Waiting For A Manifestation is a drawing made on site over the walls of the ground floor gallery. It consists of tally marks drawn in pencil made during the course of the installation period. Tally marks are one of the oldest forms of counting and are a way of keeping tab of a process the end of which cannot be defined. By using this achronic system that crosses time and space, the reference of the tallies drawn opens for interpretation allowing the work to shift between the specific nature of the drawing act and the abstract nature of ascribed meaning.
In the middle of the ground floor space sits Achilles’ Heel; a bench with four knucklebones and a steel shotput. The piece is based on Astragaloi – a game developed in ancient Greece to teach children dexterity – and proposes a version where all the elements are slightly scaled up rendering the play useless and introducing discomfort to the action and the materials.

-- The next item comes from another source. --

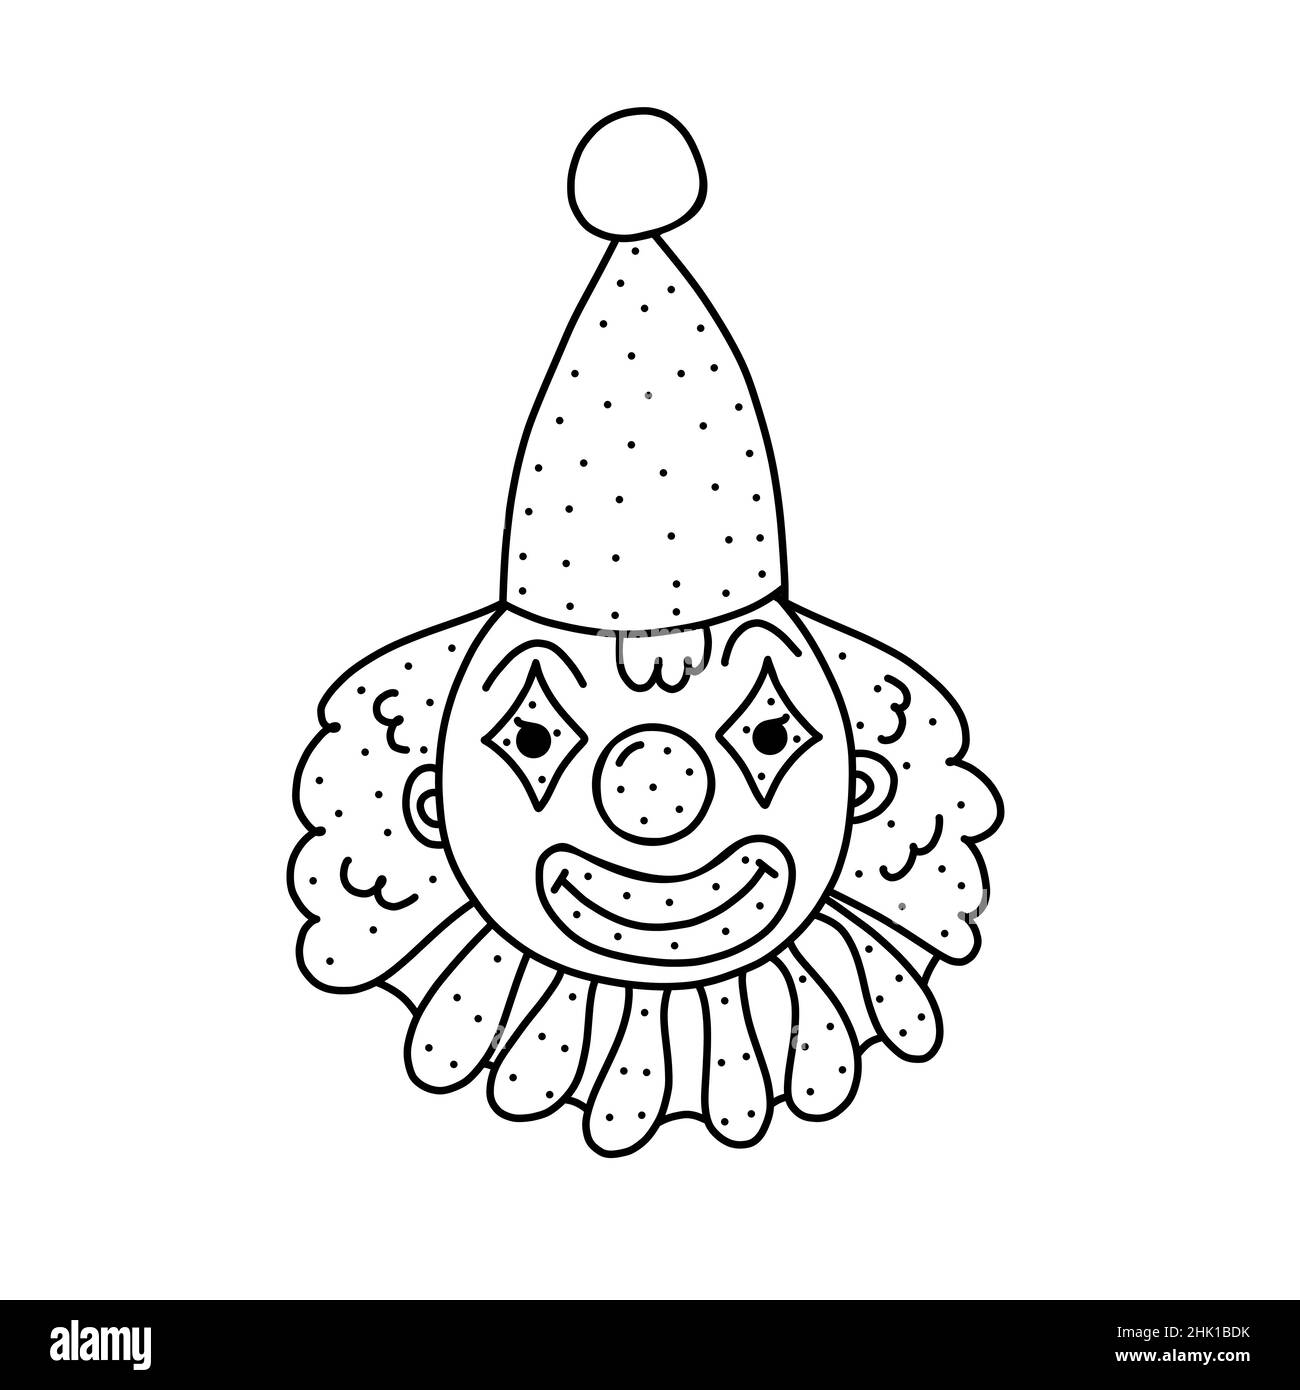 Handgezeichnete Vektordarstellung eines niedlichen Zirkus-Clowns im Doodle-Stil. Niedliche Illustration einer Clown-Ikone auf weißem Hintergrund Stock Vektor

Colosse Aux Pieds D’Argile a large-scale sculpture composed of marble columns and concrete cylinders transforms the first floor gallery into a field. The columns are reclaimed from a nineteenth century house in Beirut that was clandestinely destroyed by a group of workers to force its reluctant owners to sell it. The cylinders are concrete stress test samples from the skyscraper that was built to replace this house. The work confronts two versions of the same architectural element – the column – acquired from the same site spanning the course of one hundred years of urban development. Both the house and the skyscraper have reflected the ideals of how life should be lived. Both have been extrapolated into ideas of how an environment should be built, un-built or re-built. Each has been used to usher concepts of modernity and each holds within their building blocks the seeds of their own unmaking.
Rayyane Tabet (b. 1983, Ashqout, Lebanon) is an artist who explores the relationship between history and the built environment. His multi-faceted installation often reconstitute the perception of physical and temporal distance. He holds a Bachelor in Architecture from The Cooper Union in New York and a Master in Fine Arts from the University of California in San Diego. His works has been shown at the Stedelijk Museum Bureau in Amsterdam, Centre Georges Pompidou in Paris, Darat al Funun in Amman, and The New Museum in New York. He will be participating in the upcoming Sharjah Biennial 12, opening March 5th 2015.